На смотринах мы с Кирычем одобрили его кандидатуру. Он был высок, широк в плечах, немногословен и показался нам достойным претендентом на танины руку, сердце и чужого ребенка.

К сожалению, презентабельная упаковка скрывала неприятную начинку. Санек оказался обыкновенной сволочью. С той поры, как закрылся завод, где он в должности инженера производил что-то машинное, этот здоровый крепкий мужик избрал себе профессию менее пыльную: объегоривание несчастных теток, жаждущих крепкого мужского плеча и готовых предоставить оному регулярное питание, чистые рубашки и неограниченный кредит.

Их брак развалился с появлением на свет Петьки. Саньку было невыносимо жить в одном доме с вечно орущим младенцем. Конечно, стирать пеленки и варить кашки он считал пустой тратой времени. Как можно, если еще полно женщин, которые с удовольствием возьмут его на поруки!

Когда он собрал вещи и ушел к маме, Таня даже обрадовалась.

- Он свалил! - кричала она по телефону.

Клянусь, счастье ее было неподдельным.

 

* * *

Иногда не знаешь, где найдешь, а где потеряешь. Имея двух детей на руках и безрадостные жизненные перспективы, Татьяна обнаружила завидную энергию. Едва Петька перестал писать в пеленки, она записалась на курсы психологов. В те годы было много подобных образовательных заведений. По большей части сомнительных. Татьяна, впрочем, так не считала. Когда я назвал ее учителей "шарлатанами", она возмутилась так, будто я предложил ей слиться в экстазе на Красной площади. Она сообщила мне о моей фрустрации, психологических зажимах и прочей чепухе, смысл которой был лишь в том, чтобы грамотно послать меня куда подальше. Я с удовольствием пошел, считая, что у Тани поехала крыша от переутомления, и искренне желая ей скорейшего выздоровления.
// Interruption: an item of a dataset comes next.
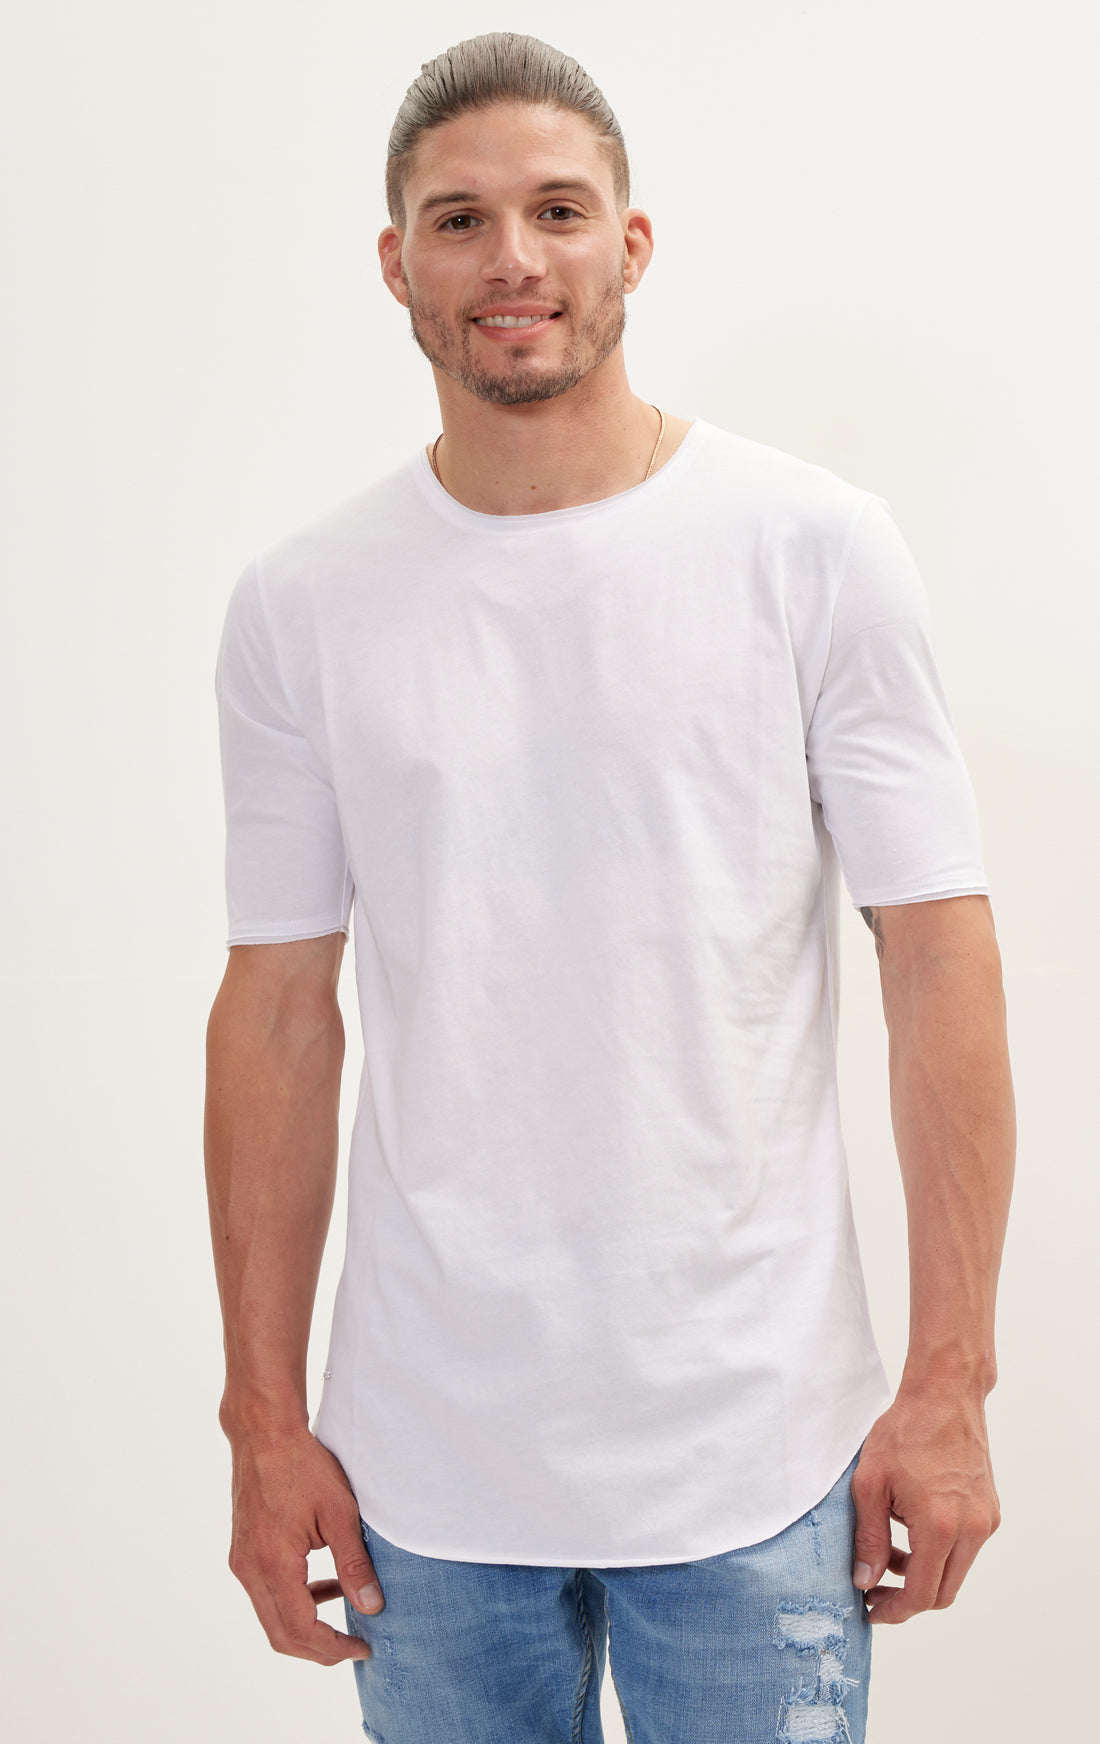 Nr. 8206 WEISSES T-SHIRT

Тогда в наших отношениях наступил перерыв. Пару раз я пытался до нее дозвониться, но трубку всегда брал Георгий.

- Мамы нет. Она учится, - сурово говорил он.

- А ты что делаешь? - спрашивал я.

- Ребенка воспитываю, - важно отвечал Гошка, которому едва исполнилось десять лет.
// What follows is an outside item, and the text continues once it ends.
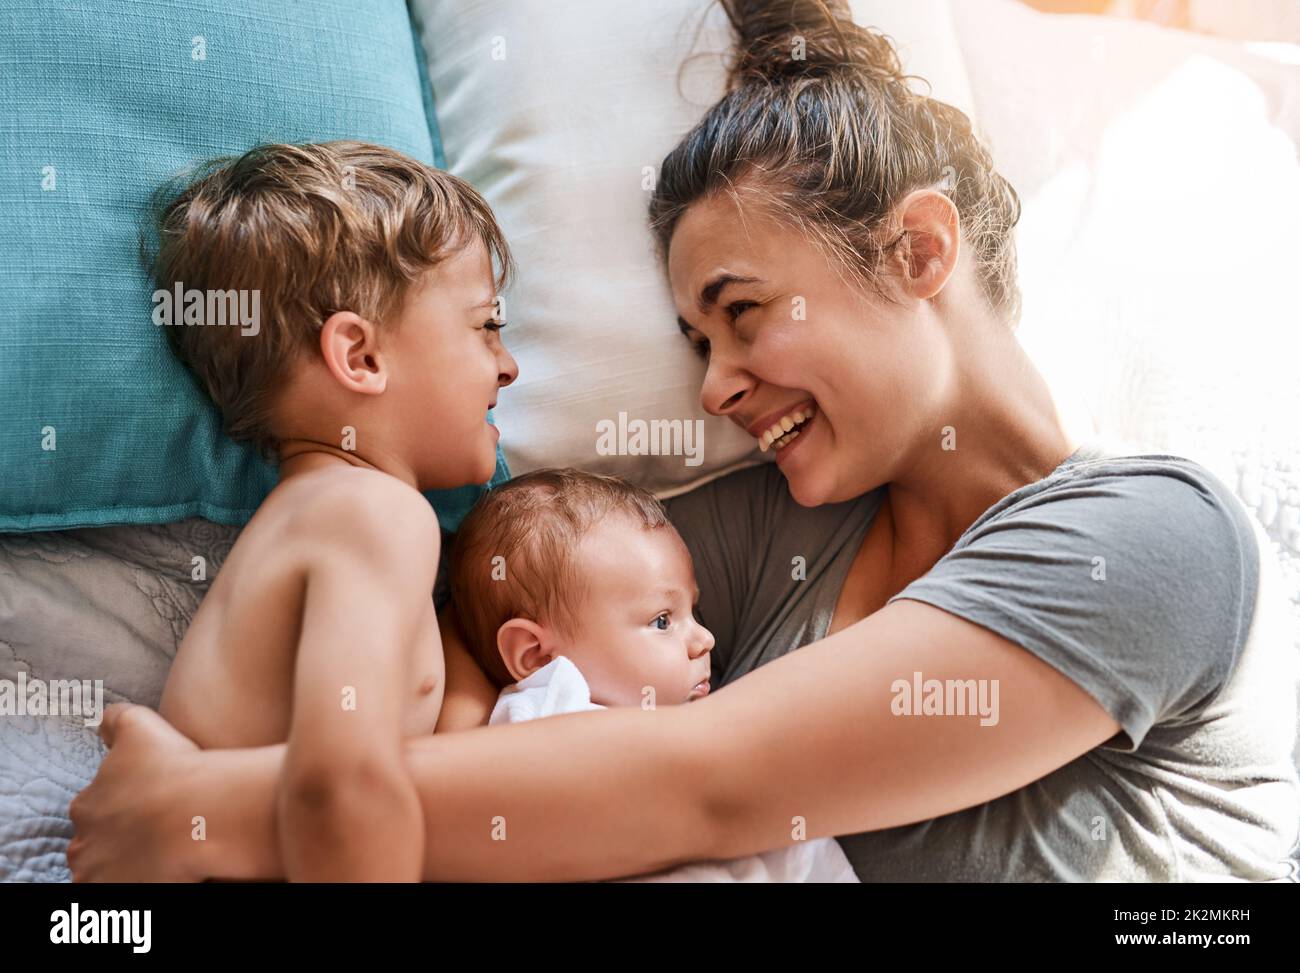 Her boys fill her life with joy. Shot of a young woman bonding with her two sons at home. Stock Photo

Таня объявилась также неожиданно, как и исчезла. Она позвонила мне и потребовала, чтобы я немедленно встретился с ней в кофейне на Тверской.

- Теперь я психолог! - сказала Таня и потрясла перед моим носом бумагой, на которой крупными черными буквами было написано "Диплом".

- А почему не заслуженный пассажир трамвая? - спросил я, уверенный, что ценность этого документа ничуть не выше, чем у корочек, которые продаются в метро.

Спорить она не стала. Но лишь потому, что ей не терпелось посвятить меня в свои планы. Татьяна решила устраивать психологические консультации. По ее мнению, только так она сможет принести пользу обществу.

- Я придумала это на балконе, - сказала Татьяна, отхлебывая черного кофе, - Понимаешь, Петька орал, не переставая. У Гошки от стресса преждевременно наступил переходный возраст. Можно было запросто сойти с ума. Я курила на балконе и хотела умереть. А еще я представила себе, сколько таких как я по всей Москве. Несчастных баб. Может быть, как и я сейчас они стоят на балконе, нервно курят и думают о том, как бы им сигануть с этого балкона ласточкой.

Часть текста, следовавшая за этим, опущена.